Work item.
The answer must give back every line of the data exactly, with no pictures.

Given data.
------------

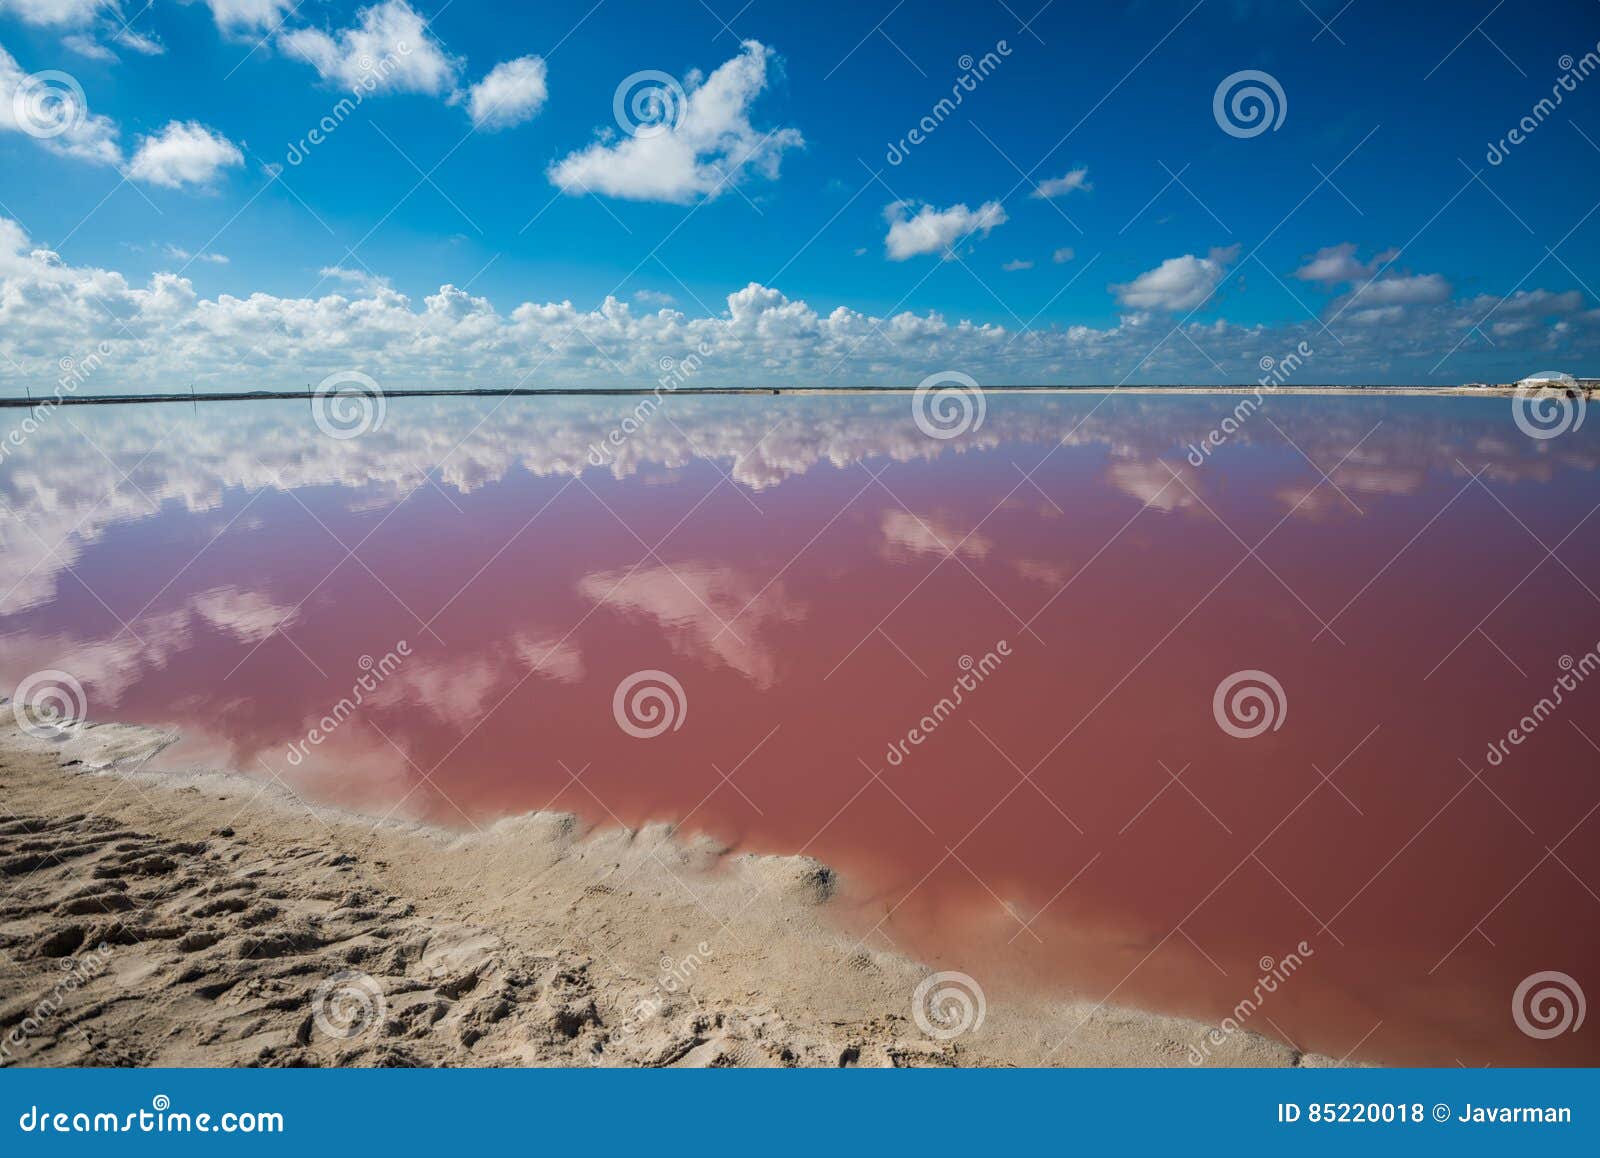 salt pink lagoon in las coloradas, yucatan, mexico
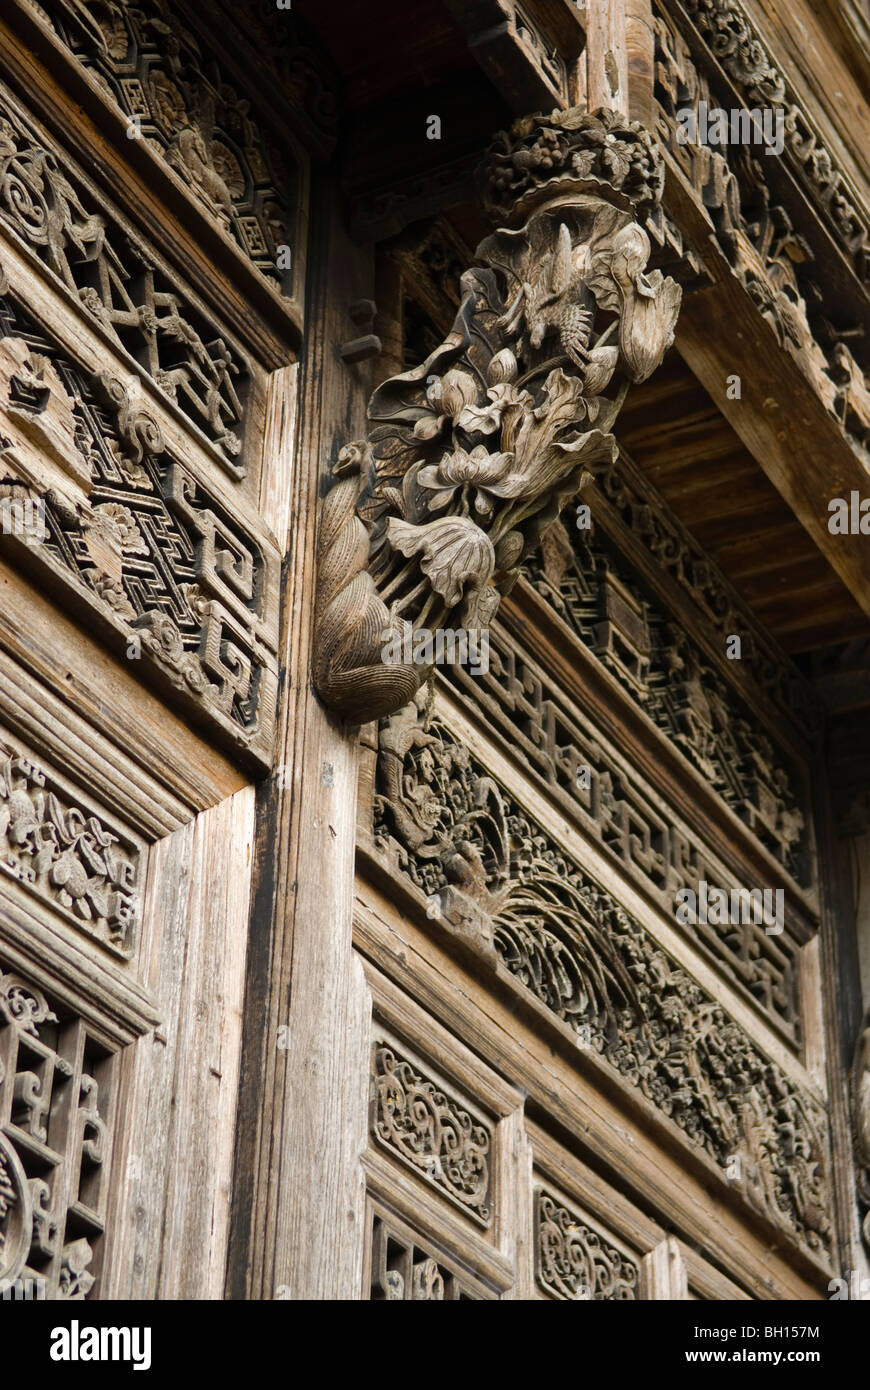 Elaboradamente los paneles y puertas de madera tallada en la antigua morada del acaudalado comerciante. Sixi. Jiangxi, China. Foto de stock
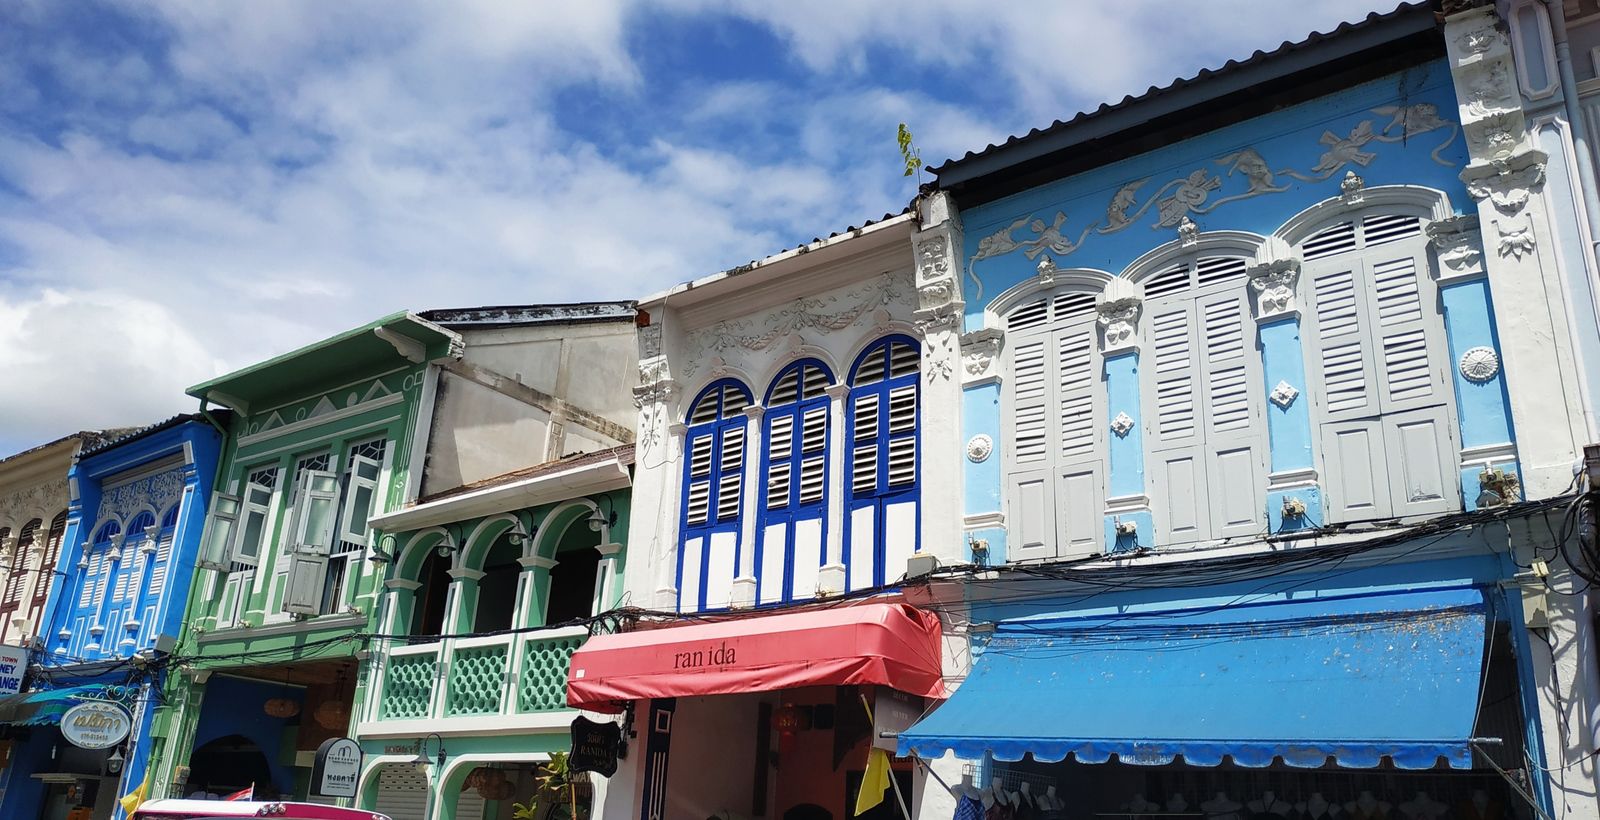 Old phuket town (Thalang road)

------------

Finished exercise.
 salt pink lagoon in las coloradas, yucatan, mexico
 Elaboradamente los paneles y puertas de madera tallada en la antigua morada del acaudalado comerciante. Sixi. Jiangxi, China. Foto de stock
 Old phuket town (Thalang road)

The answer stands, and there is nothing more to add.